El artículo 7 del Estatuto de Roma también tipifica como crimen la persecución de un grupo o colectividad con identidad propia fundada en motivos políticos, raciales, nacionales, étnicos, culturales, religiosos, de género definido en el párrafo 3, u otros motivos universalmente reconocidos como inaceptables con arreglo al derecho internacional, en conexión con cualquier acto mencionado en el referido párrafo o con cualquier crimen de la competencia de la  Corte Penal Internacional.

El acto de persecución se define como ¨la privación intencional y grave de derechos fundamentales en contravención del derecho internacional en razón de la identidad del grupo o de la colectividad¨.

Un grupo o colectividad puede verse potencialmente privado de diversos derechos  fundamentales como consecuencia de daños ambientales, la explotación ilegal de recursos naturales y la confiscación ilegal de tierras, entre ellos el derecho a la vida, el derecho a un medio ambiente limpio, saludable y sostenible, el derecho a la integridad física, el derecho a la salud física y mental, el derecho a un suministro adecuado de alimentos y agua, entre otros derechos fundamentales.

Reviste especial importancia adoptar un enfoque interseccionales en materia de persecución  en el contexto ambiental, pues pueda que se cometa  un acto de persecución por medio de daños ambientales o que resulte en dichos daños por razones múltiples o interseccionales, entre ellas razones de género, políticas , raciales, étnicas, culturales, religiosas o de otro tipo que se consideran  universalmente inadmisibles de conformidad con el derecho internacional.

A diferencia de otros crímenes de lesa humanidad, la persecución exige algún tipo de prueba de intención de discriminación. El autor hace daño a la víctima porque considera que pertenece  a un determinado grupo o colectividad.

La intención puede inferirse del comportamiento general del autor, asi como de las circunstancias en las que se cometió el crimen. En ese sentido verter productos químicos tóxicos en un río del que dependía  un determinado  Pueblo Indígena para obtener alimentos y agua  no constituirá un crimen de lesa humanidad  consistente en persecución.

Sin embargo, el acto  de contaminación señalado anteriormente constituye persecución si el autor hubiera optado por contaminar ese río concreto con intención de privar a ese  Pueblo Indígena en particular  de sus derechos fundamentales.

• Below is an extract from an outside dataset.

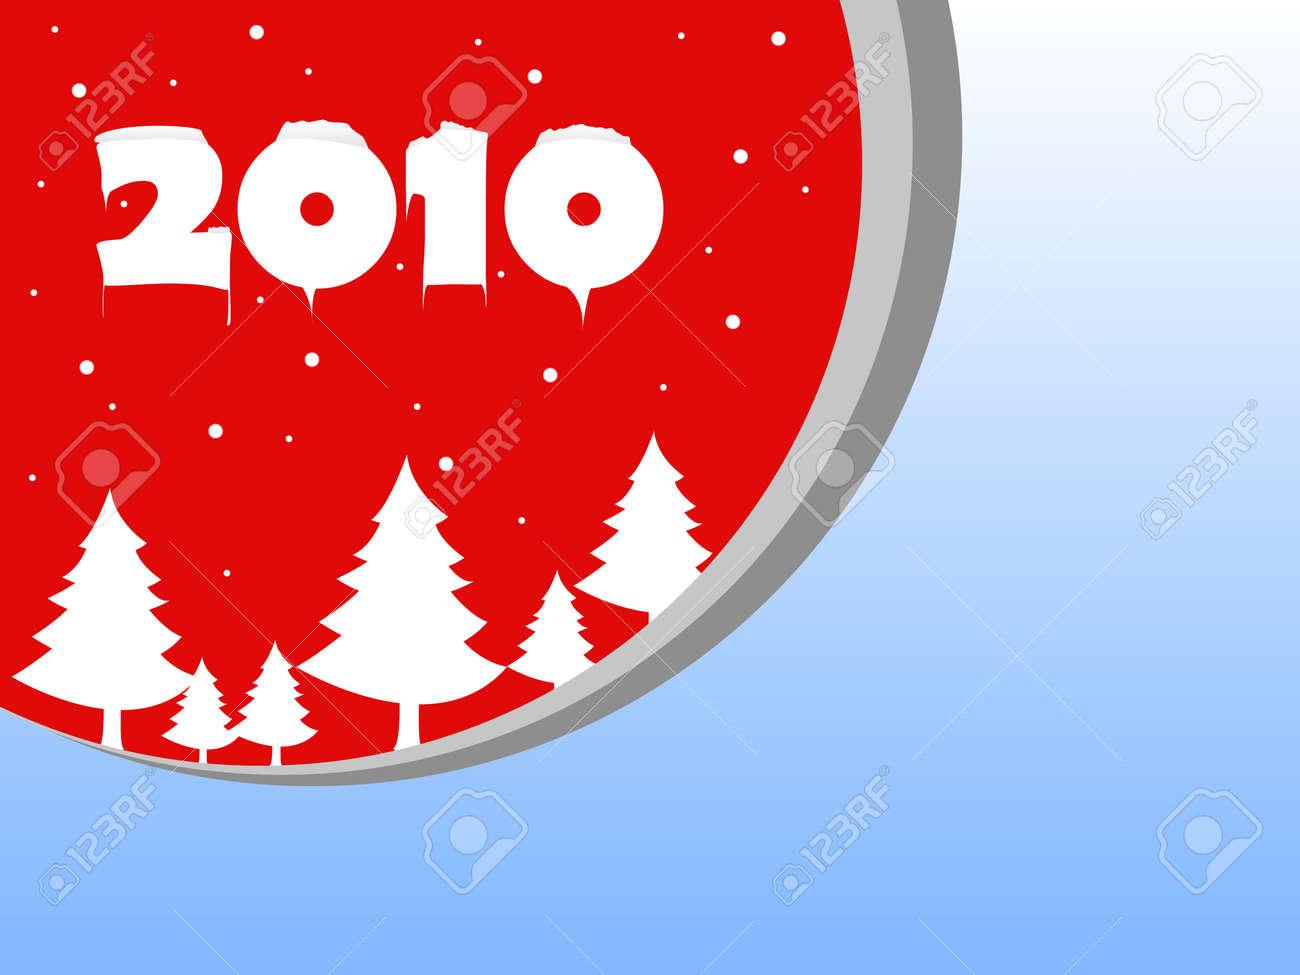 Christmas fur-tree 2010 red Stock Vector - 6001269

Cabe destacar que el artículo 7, párrafo 1 K) del Estatuto de Roma tipifica como crímenes otros actos inhumanos de carácter similar que causen intencionalmente grandes sufrimientos o atenten gravemente contra la integridad física o la salud mental o física.

En vista del lugar central que ocupa el medio ambiente en la vida social, cultural, religiosa y espiritual de muchas personas, en particular de los miembros de  Pueblos Indígenas, los daños ambientales, la explotación ilegal de de recursos naturales y la confiscación ilegal de tierras pueden a menudo ser fuente de gran sufrimiento físico o mental, incluso cuando no constituyen uno de los demás crímenes de lesa humanidad enumerados en el artículo 7 del Estatuto de Roma.

Finalmente, mientras el causante del sufrimiento fuera consciente de que en el curso normal de los acontecimientos tendría lugar ese daño, tales actos podrían calificarse de crímenes de lesa humanidad o actos inhumanos de otro tipo.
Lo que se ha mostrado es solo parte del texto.